We are in a deflationary period.  You say its nonsense that the inflation rare is reducing? The CPI would be a better indicator (though not perfect) than individual markets.  Auto insurance could be going up for instance due to more claims, loss of revenue from investments, profit etc.  Oil and petrol, due to a lessened supply, a rise in demand, a consequence of peak oil, or IMO market speculation.  Tax rises would be due to a fall in tax revenue because of an increase to benefit claims and a corresponding fall in GDP (job losses and a drop in corporation tax etc.), an attempt to balance the budget, etc.  I dont think you will find any support for deflation by any economist.  Prices get cheaper as the cash strapped public don't spend enough to keep businesses profitable.  So businesses reduce their profit margins to weather the storm and reduce stock.  As prices get cheaper, people hold on to their money expecting them to get cheaper, and cheaper. And thus businesses go bust, people lose their jobs and join the dole que which is reflected in higher taxes.  Its important to note that the markets are anything but free.  They are completely manipulated by speculators or even computers now a days (70% high frequency trading).


----------



## Donald (29 Sep 2012)

Chris said:


> I had a quick look at the site you refer to and I do not believe that your propositions would make any difference.
> Quite: "The central bank would decide how much to create and the Government would decide how best to spend. This is the main safeguard against hyperinflation."
> Do you honestly believe that a government controlled central bank first of all knows how much more money is needed and secondly would not create more money than needed to keep politicians happy? And the statement about government deciding how best to spend it just made me laugh. What you are advocating is exactly how the biggest hyperinflations of world history happened, i.e. central banks directly monetizing government debt and spending.
> The main safeguard against hyperinflation is to physically back money with something that cannot be easily created.
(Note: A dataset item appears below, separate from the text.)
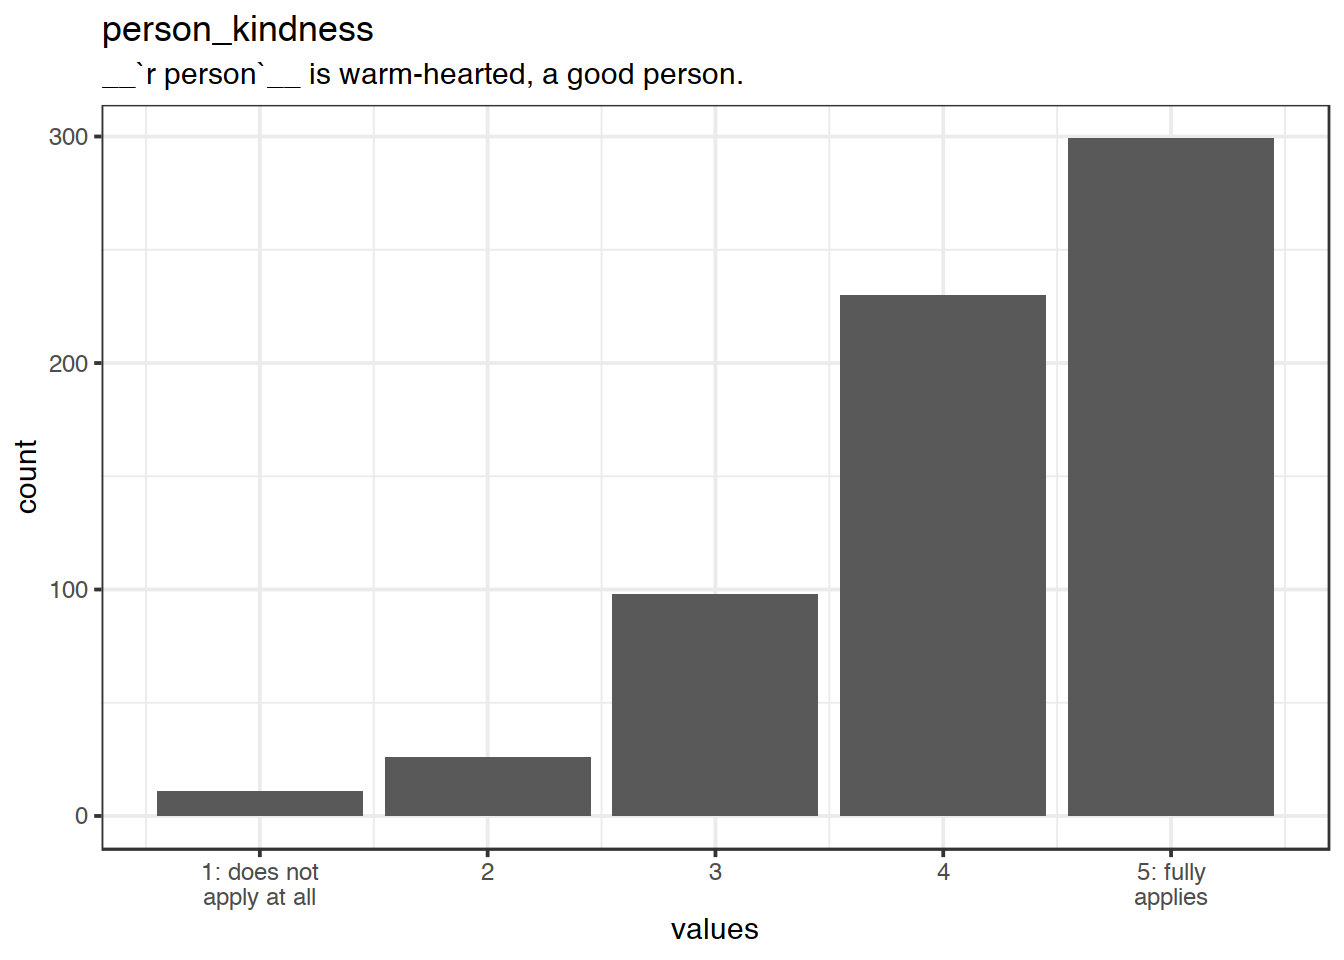 Distribution of values for person_kindness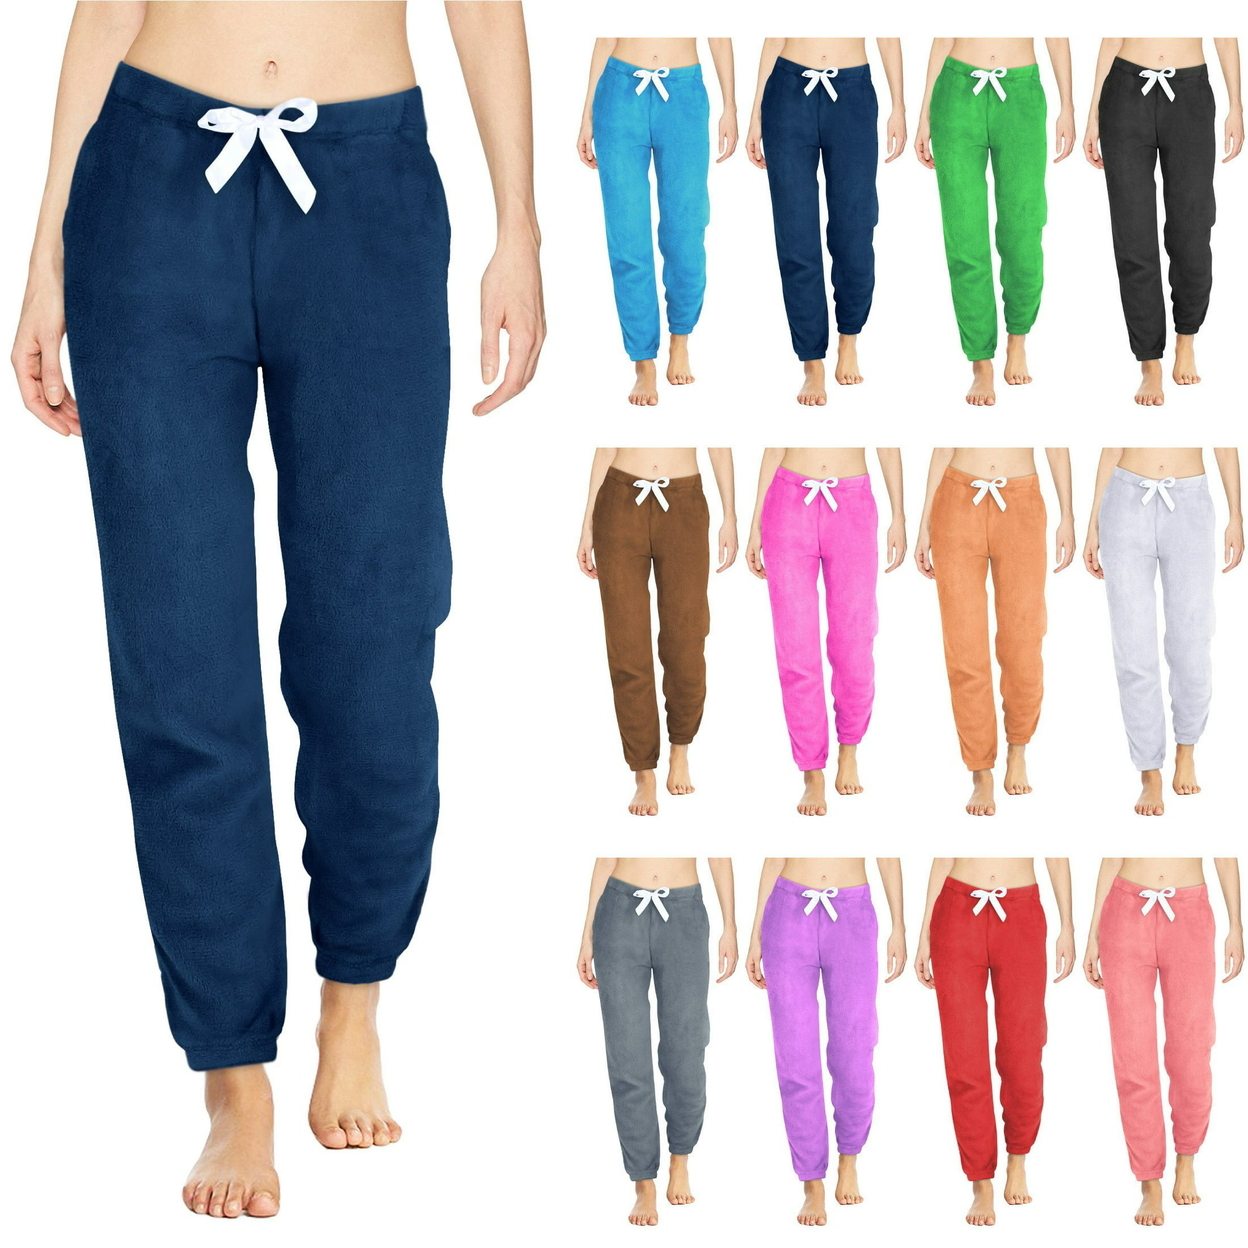 Multi-Pack: Women's Solid & Printed Ultra-Soft Comfy Stretch Micro-Fleece Pajama Lounge Pants - 3-pack, Medium, Love

I had a quick look (3 hrs.) at the Positive Money website also (UK).  It doesn't say that the central bank should create the money.  It says an independent, accountable body with full transparency should create it. Government should have no influence as well as the Central Bank (as vote seeking politicians and profit seeking bankers can not be trusted)  using all of the tools available to monitor the inflation rate (including mortgages) with a target set at (0% to 2%). I don't see how you can see this as inflationary let alone hyper inflationary.  As the inflation rate rises, they stop creating currency. End of.  The money will be created and spent democratically for social benefit, or it could be used to make up for a lessened tax revenue when regressive taxes are abolished (VAT)or tax being completely removed from the poorer in society, thus creating more spending power for the public at large to pay down debt or to spend.  You advocate backing a currency with something that cant be easily created, but if the currency itself cannot be easily created, would it not make a reserve system obsolete and out dated?


----------



## Jim2007 (29 Sep 2012)

Donald said:


> As the inflation rate rises, they stop creating currency. End of.  The money will be created and spent democratically for social benefit, or it could be used to make up for a lessened tax revenue when regressive taxes are abolished (VAT)or tax being completely removed from the poorer in society, thus creating more spending power for the public at large to pay down debt or to spend.



This totally ignores the basic function that money plays in an open economy!  Me thinks it's for some 101 economics....


----------



## urbane (29 Sep 2012)

Donald said:


> Could you give me your source on the ECB lending money to the private banks of the EU?  I dont believe this to be true.  I think they only have control of the base rate and the responsibility for bank bailouts(lenders of last resort).  The private banks create their own 'credit' money.  Your right though, banks don't profit from seignorage.  Only the treasury/government of a sovereign nation would.  As Ireland has given up their sovereignty to the technocrats of Goldman Sachs, Im not sure who would take the profit.  But I would still guess that it would be the governments of the nation states of the EU.  Not sure



The base rate is the rate at which the ECB lends to private banks. The ECB lends in a variety of ways. Its all on the ECB website.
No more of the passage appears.